地下鉄で、たしか上海の中心ってここだったというおぼろげな記憶のある南京東路へ。大きな歩行者天国があり、10年ほど前に来たことがある。その記憶が蘇った。前は野暮ったい感じがしたけど今回はそうは思わない。しばらく歩いてみるが、マネーエクスチェンジがない。そりゃ今どきそんなものはない。脇道に入って銀行を探す。今日は2019/5/5日曜日で中国って日曜日に銀行やっているのか不安だったが、開けてた。日本円を替えたいというとここじゃなくて違う銀行に行けと言われて、最後にBank of Chinaに行き着いた。でも両替に40分待ちだという。待たなくちゃしょうがないので待った。残り5元ほどしかない。日本円で80円。ベトナムだと16kか。ベトナムの小学生の小遣いにもならない額のコインを握りしめてスマホ無しでほぼ見知らぬ大都市をさまよっているのだから心細いと言ったらこの上ない。飛行機が遅れるなどということはよくあることであり人民元がないのSIMがないのといって慌てるのは鍛錬が足りないのであって今後はいくらかの人民元は財布に入れておこうと、少し多めに両替した。

老いるアジア

ようやく両替がすんで(結局1時間待ちだった)出てみると、20系統のトロリーバスが走っている。金ができたので帰りはタクシーに乗ればいいやと気が大きくなったこともあり、とりあえず乗ってみる。トロリーバスは日本では鉄道の範疇に入のだが鉄歴何十年のくせに乗ったことがない。初トロリーとは素晴らしい。金ができたので鷹揚である。

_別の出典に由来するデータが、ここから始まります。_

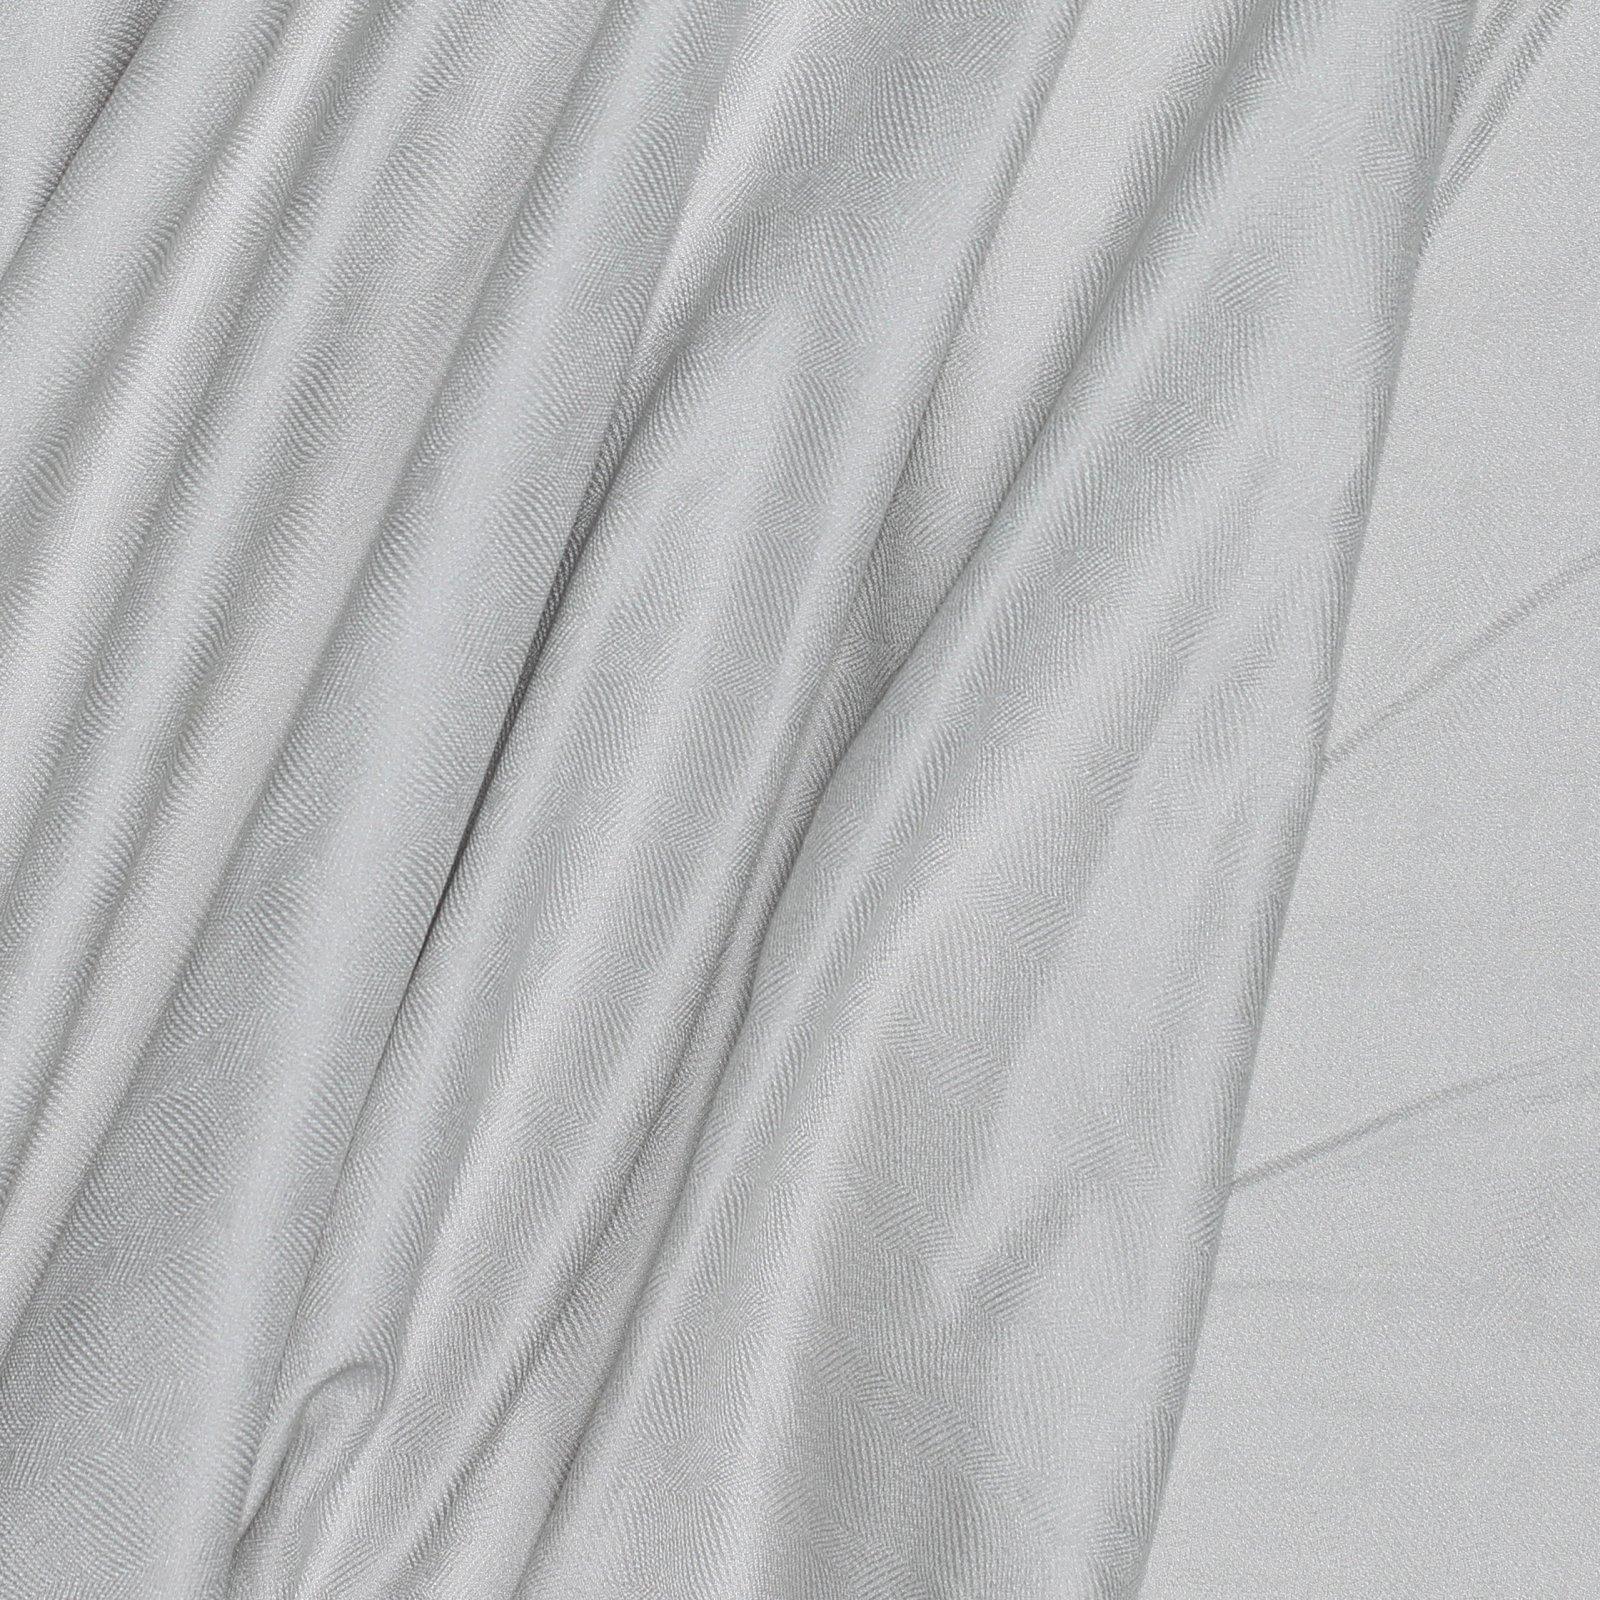 Ecru  w/ Optical Illusion Jacquard Italian Cotton/Rayon Blend

九江路という道を走る。トロリーバスが走っているぐらいだから昔からの繁華街なのだろう。建物がいちいち租界っぽい。それにずっとブランドショップが入っている。格好いいものだと思う。このトロリーがトラムだったらもっと様になるが、これはこれでいいのかもしれない。終点は中山公園を回り込んだ華東政法大学の前。昔の団地に新しいコンド(花園というのか?)が立っていて、東京で言えば世田谷っぽい雰囲気のところ。ここも年寄りばかりだった。呉淞江沿いに遊歩道ができていて、そこを歩いて地下鉄の隆徳路駅まで行った。

脳が軽い認知障害を起こしている。これは本当に上海なのか? いま自分は本当に中国にいるのか? 昨日の中国東方航空で違う世界線の中国に来ているんじゃないか? 今目の前にある上海は、清潔で、こざっぱりとして上品で、静かで、活気がなく、年寄りばかりだ。それが近年の中国と言ってしまえばその通りなのだけど、いきなり今の日本みたいになったように見える。

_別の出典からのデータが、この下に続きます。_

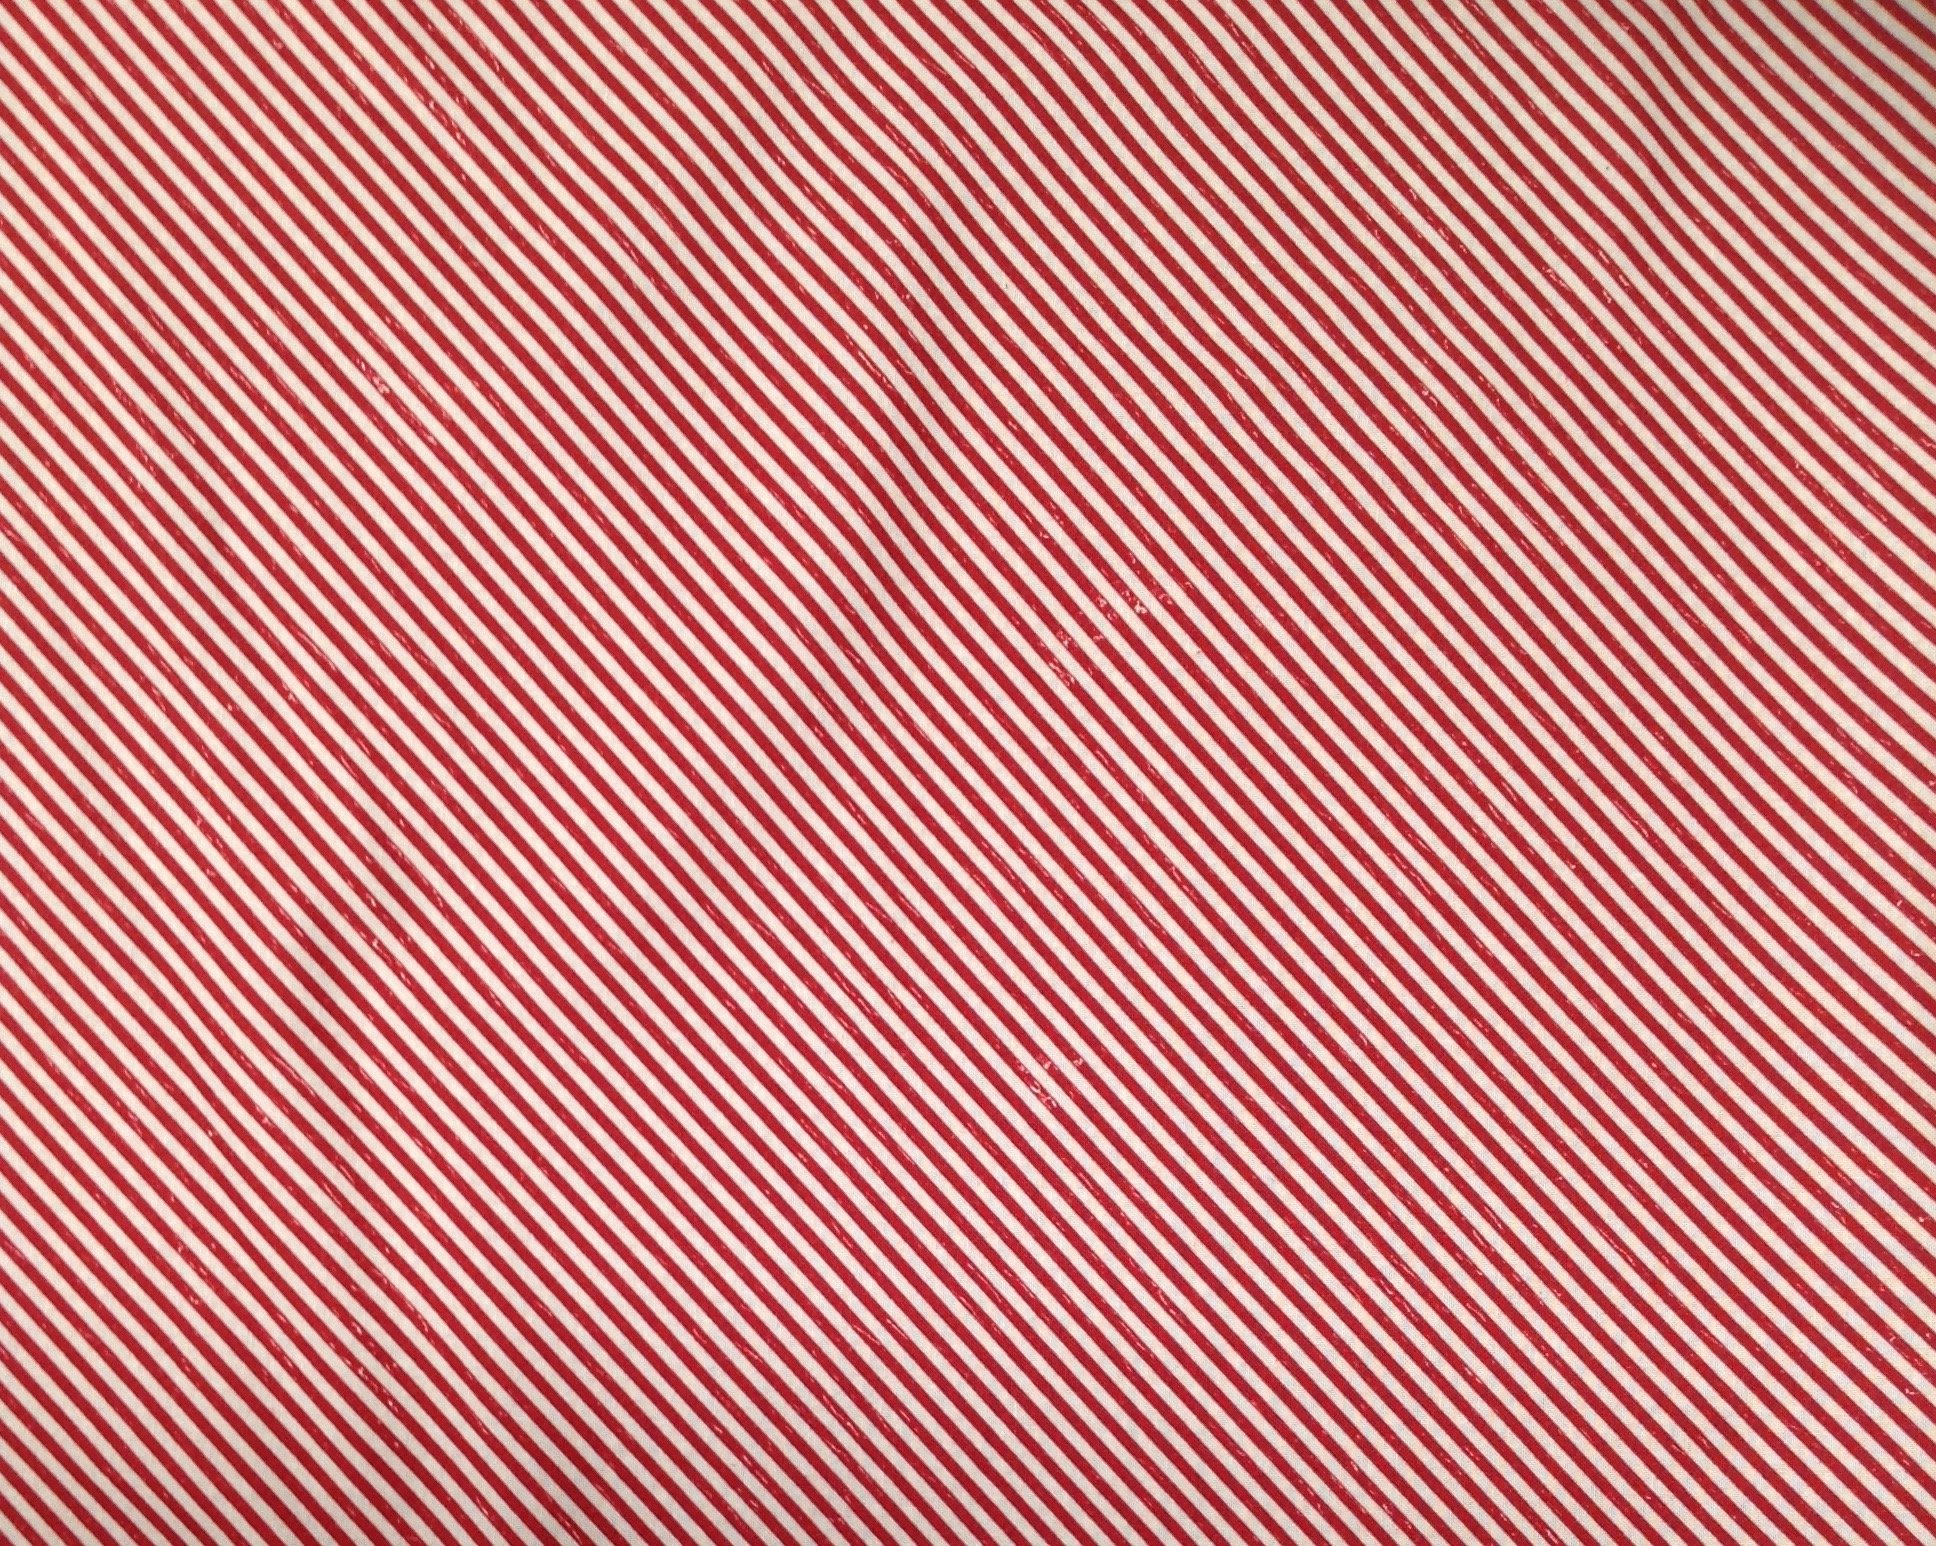 American Valor - Red/White Stripe

地下鉄に乗って浦東空港の近くの川沙に行ってみた。ここは3年前に来たことがある。そのときも中国東方航空の上海乗り継ぎで、そのときはせっかく中国に来たのだからとわざとフライトを一日ずらして滞在日を作り、空港の近くのここで一泊した。中国論を語る立場ではないが、せめて定点観測してみたかったからだ。

懐かしの川沙。3年前も「中国もきれいになったものだ。普通に住みやすそうだ」と思ったものだった。それと比べてもなにかが変わった気がする。何が変わったのかとしばらく考えていたが、街のあちこちにあった古臭い一角が少なくなった。個人商店が減った。屋台もない。だから、全体的に清潔になり、すっきりし、そして活気がない。

光は西方から

この発展は中国人にとって見ればいいことなのだろう。きれいで豊かで静かな中国。いや、中国人でなくてもこのほうがよいというだろう。しかし1973年に大都市郊外で生まれた日本人として、この光景は強烈に見覚えがある。第二次ベビーブーマーの私が子供の頃に住んでいた横浜や大阪の郊外の商店街の1990年頃の姿にそっくりだ。まだ人はいた。まだ店もあった。しかしなにか霊魂みたいなものが街から消え失せかけていた。その後の30年で、そういった街がどうなったかは、誰もがよく知っている。あれが、ものすごく速いテンポで来ている。背中にぴったり付けてきている。恐ろしい。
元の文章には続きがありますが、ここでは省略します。